22.9.13

Getting to Yes

I recently finish reading the book Getting to Yes (Fisher, Ury and Patton, 2012, 204 pages), and I can say that I am very pleased with it.

Before commenting on the book, though, it is important to point that the title can be misleading: one can read it as “getting the other side to say yes to what you want out of a negotiation”. And this is all the book is not about.

The book, which was written by some of the minds behind the Harvard Negotiation Project, talks mainly about the framework of principled negotiation. Meaning that instead of endless and ineffective time spent bargaining over positions, negotiators should give a step back and select some objective criteria under which the negotiation should proceed. By doing this, allied with a healthy separation between people and problem, negotiators can discover each other’s deep interests and come up with innovative and elegant solutions to the negotiated issues.
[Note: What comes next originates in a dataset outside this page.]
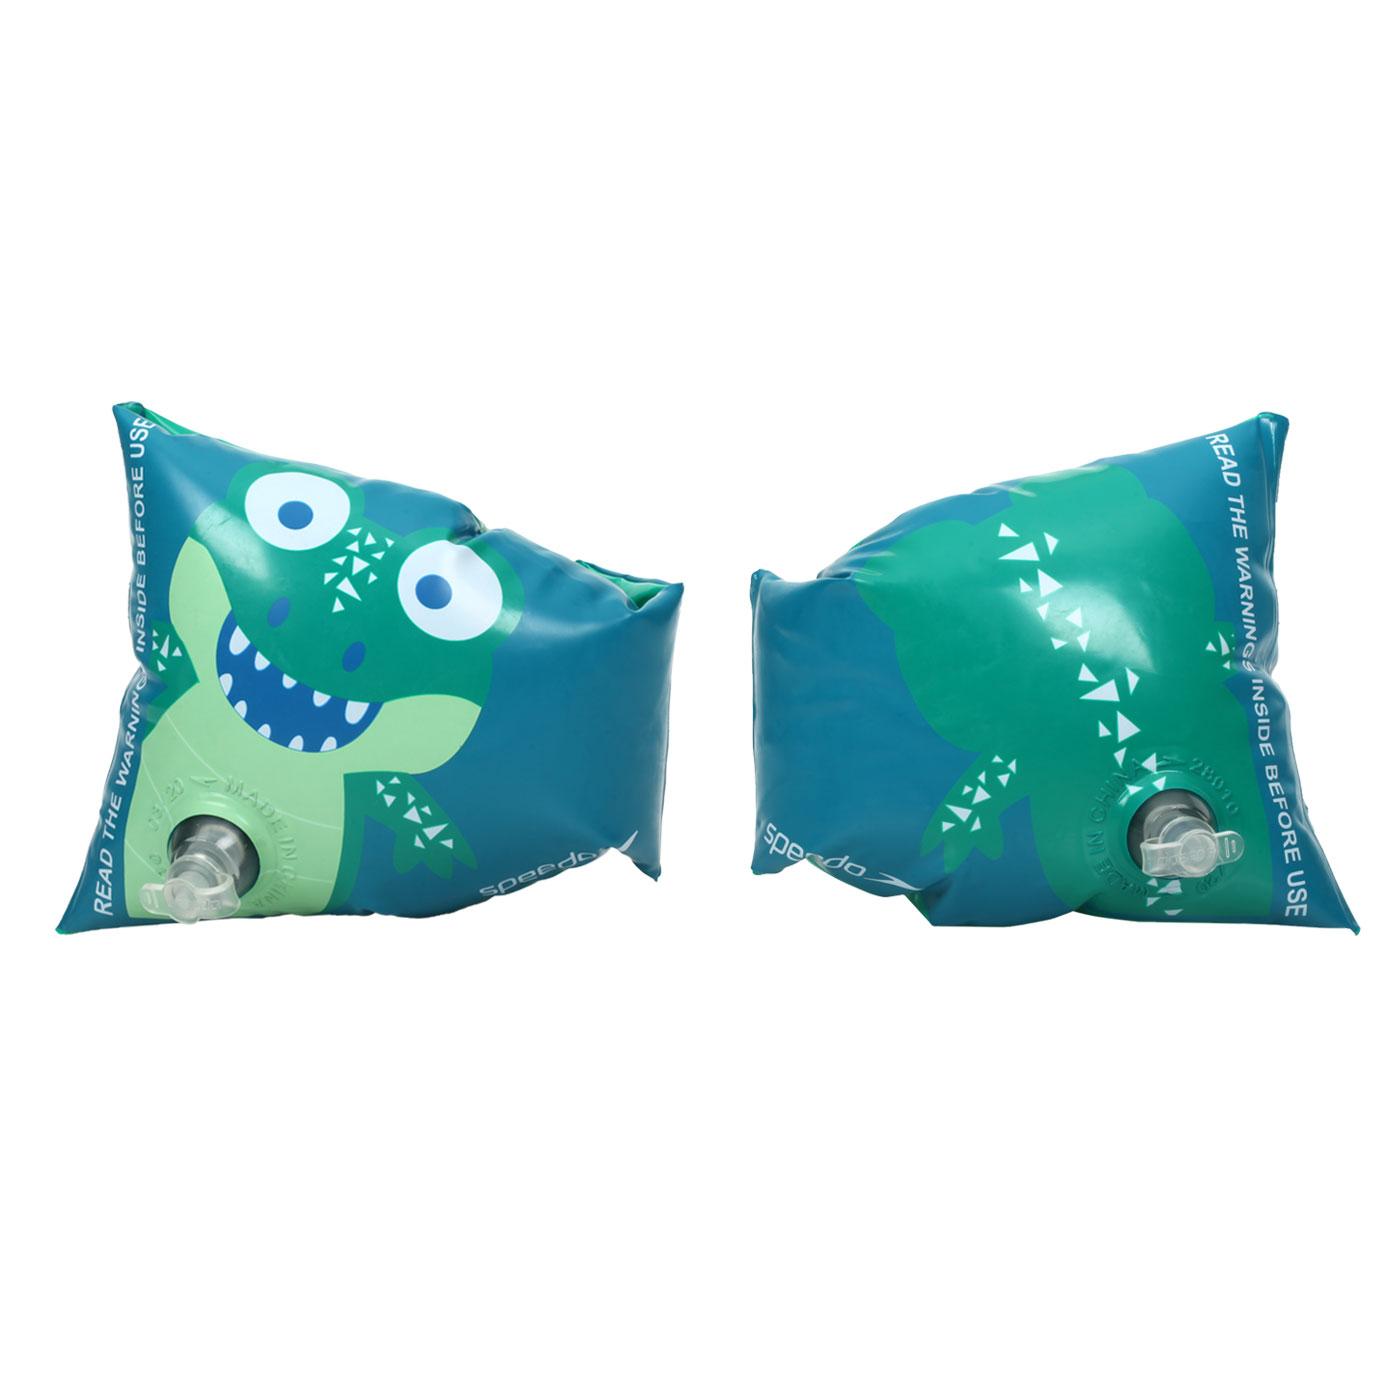 SPEEDO 兒童浮臂-小鱷魚 SD811734D680 - 藍綠

The basic assumption here, which seems pretty solid to me, is that in most of the cases, when all interests are explicit, it is possible to find out some common ground that satisfies all parts involved on a negotiation. And if not, the book also points to the need of developing a good BATNA (best alternative to a negotiated solution).

So, although some parts seem repetitive and commonsense, I really recommend reading through this book, since its ideas can be of great value, if practiced, to come to satisfactory outcomes to negotiations, and also preserve the relationships among negotiators.